##### Dataset extract #####

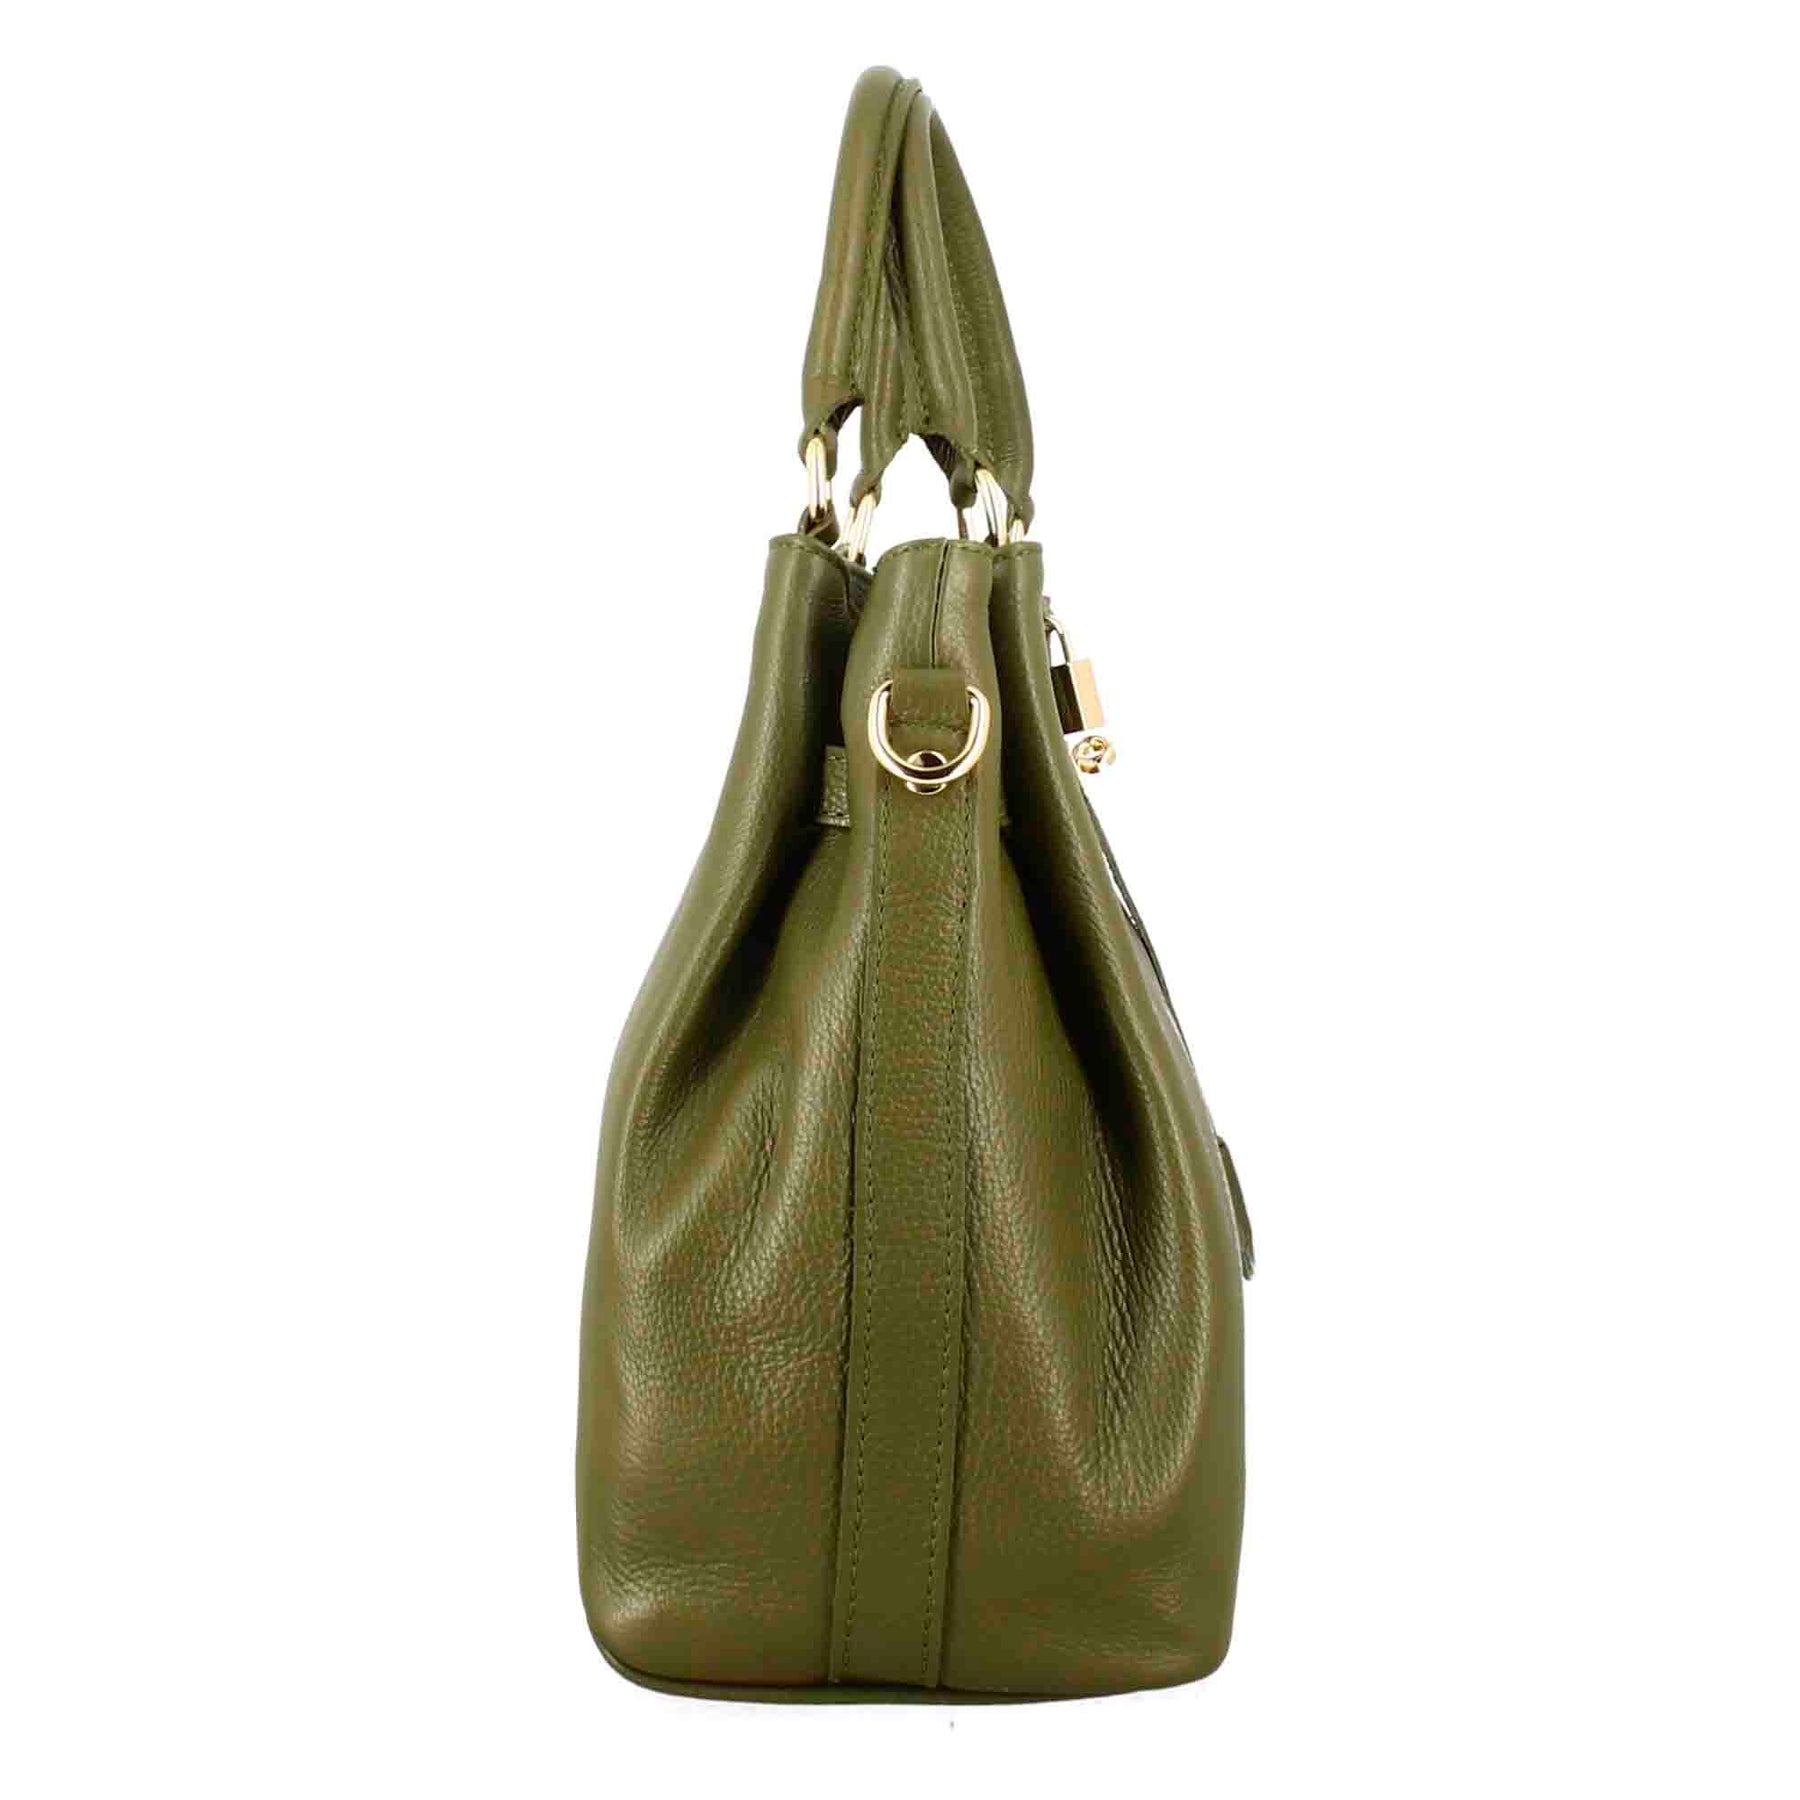 Frida leather handbag with removable green shoulder strap
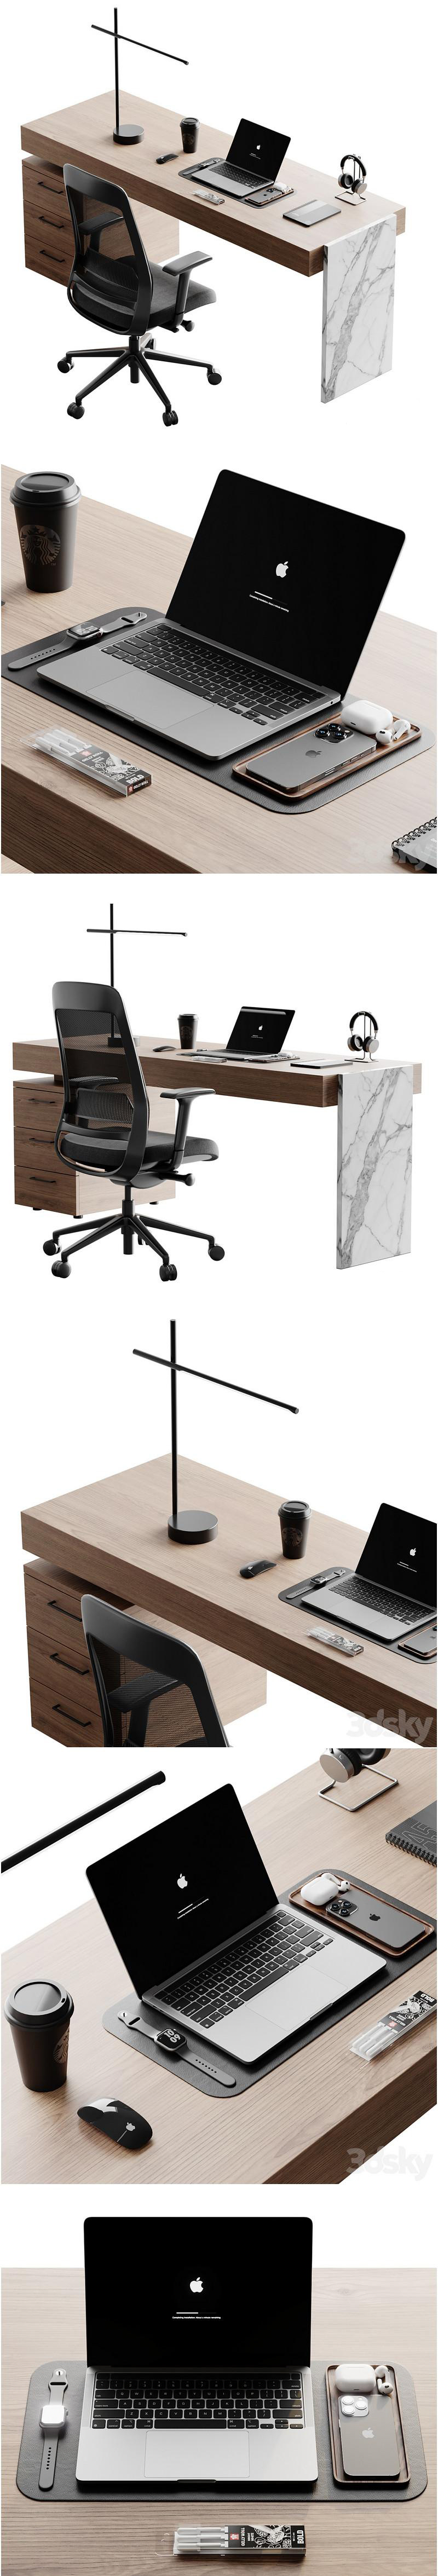 办公室内办公桌和数码设备3D模型免费下载（fbx,max,obj）
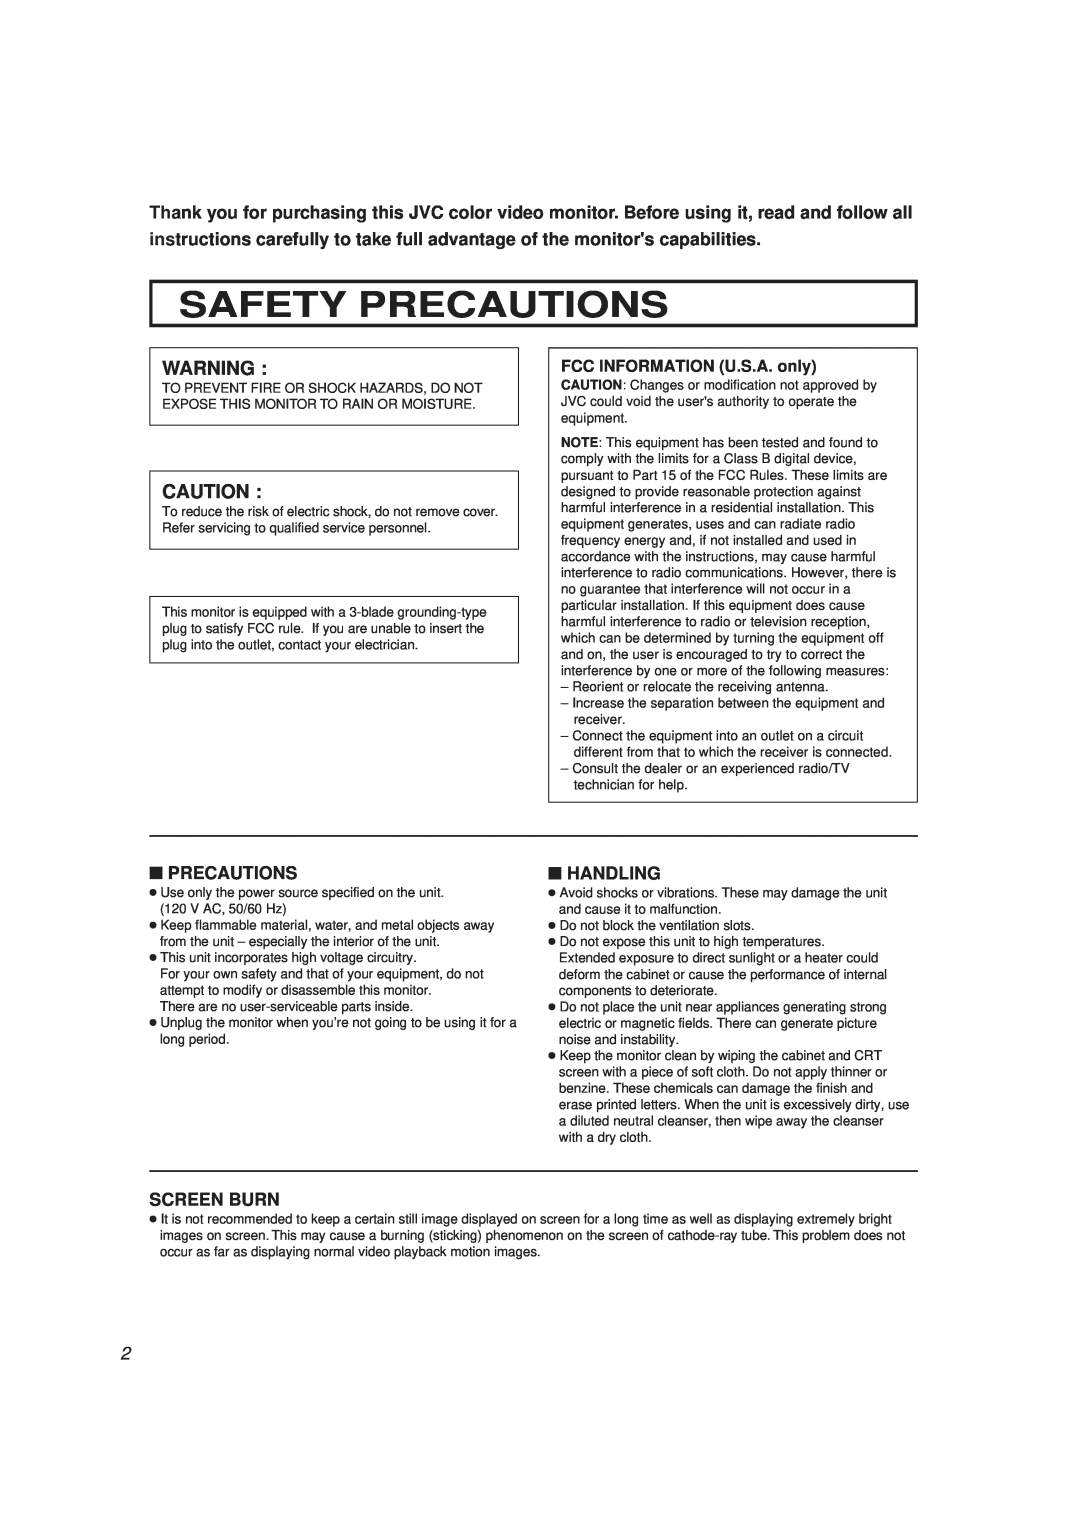 JVC TM-A13SU-W, TM-A13UCV manual Safety Precautions, Handling, Screen Burn

#####

Could you retype every line above exactly as it appears, skipping the pictures?

 Frida leather handbag with removable green shoulder strap
 办公室内办公桌和数码设备3D模型免费下载（fbx,max,obj）
 JVC TM-A13SU-W, TM-A13UCV manual Safety Precautions, Handling, Screen Burn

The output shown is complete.